UnitedHealth, the largest U.S. health insurer, reported a stronger-than-expected quarterly profit along with also also raised its full-year earnings forecast, helped by strength in its pharmacy benefit management business.
UnitedHealth, the bellwether for the industry, is usually the first health insurer to report earnings a week after U.S. President Donald Trump decided to cut off subsidies to health insurance companies for low-income patients, his latest attempt to weaken predecessor Barack Obama’s signature healthcare law.
UnitedHealth had been immune to news involving Obamacare repeal efforts which year, in part as which largely pulled back by offering plans within the individual insurance exchanges due to mounting losses by the program.

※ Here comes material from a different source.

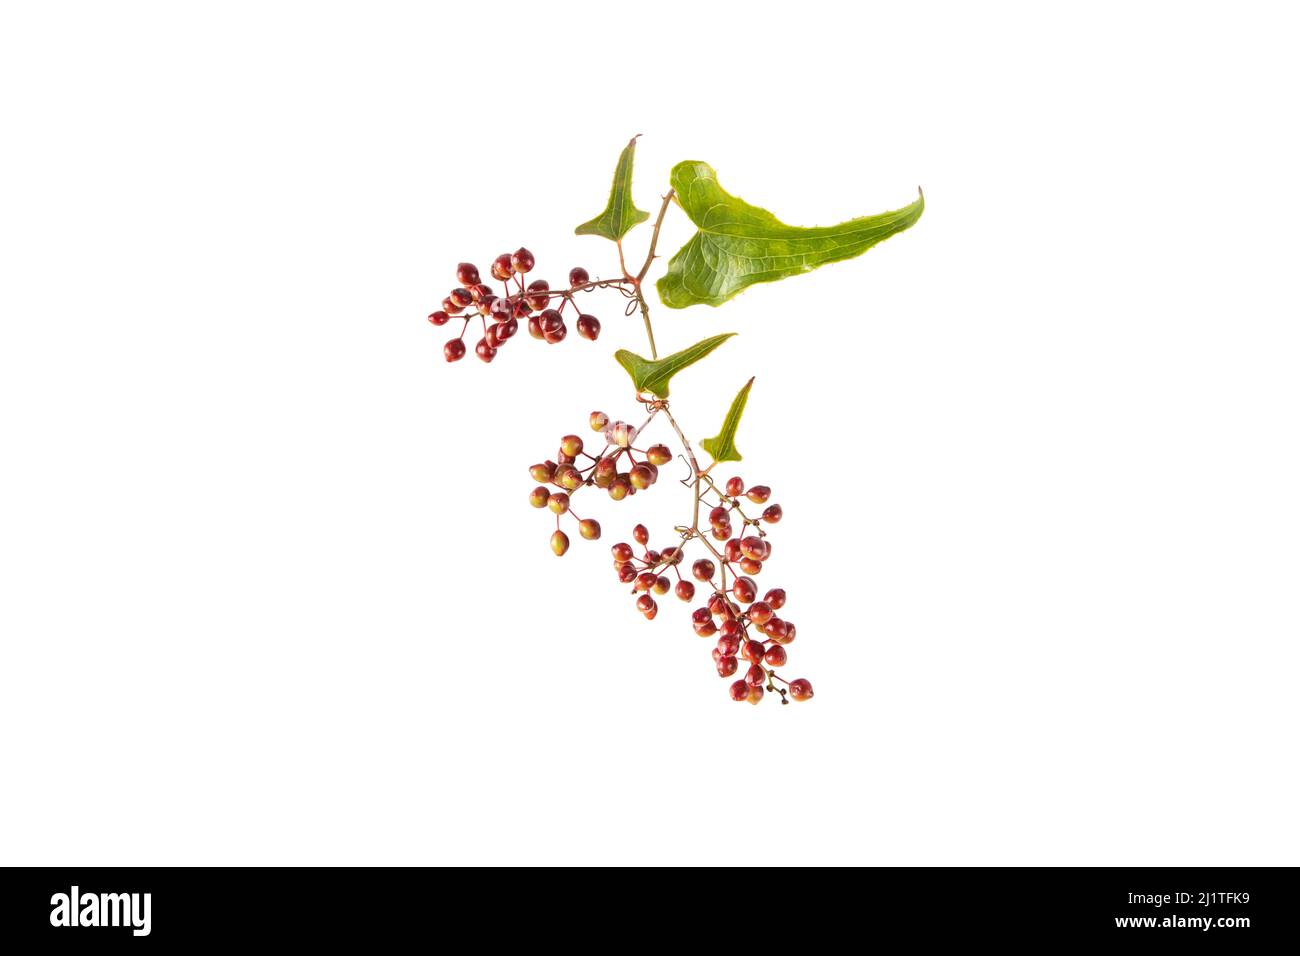 Jamaican or Honduran sarsaparilla branch with leaves and berries. Smilax ornata isolated on white Stock Photo

“UnitedHealth rarely misses a step: the debut quarter for its completely new CEO had to be a Great one,” Mizuho Securities analyst Sheryl Skolnick wrote in a client note. The health insurer in August named David Wichmann its completely new chief executive.
UnitedHealth, which sells employer-based insurance as well as Medicare along with also also Medicaid, said net earnings attributable to shareholders rose 26.3 percent to $2.49 billion, or $2.51 per share, within the third quarter ended Sept. 30.
Excluding items, the company earned $2.66 per share, beating the average analyst estimate of $2.56 per share, according to Thomson Reuters I/B/E/S.
Revenue by its Optum business, which manages drug benefits along with also also offers healthcare data analytics services, rose 8.4 percent to $22.89 billion, accounting for nearly half of the insurer’s total revenue.
UnitedHealth’s total revenue rose 8.7 percent to $50.32 billion, yet narrowly missed analysts’ estimate of $50.35 billion.
The insurer said its withdrawal by individual insurance markets, combined that has a health insurance tax deferral, reduced third-quarter revenue by about $1.6 billion along with also also lowered the revenue growth rate by 4 percent.
“Despite a top-line hit of $1.6 billion … UnitedHealth beat … likely means a positive read-through for 2018,” Mizuho’s Skolnick said.
The company’s medical care ratio, or the percentage of premiums paid out for medical services, increased to 81.4 percent by 80.3 percent.
The medical care ratio is usually 100 basis points lower than Mizuho’s estimates, Skolnick said, adding which the cost trends remain favorable for UnitedHealth.
The company raised its full-year adjusted earnings forecast to about $10.00 per share, by $9.75-$9.0.
UnitedHealth’s shares were up 1.4 percent at $196 in light premarket trading.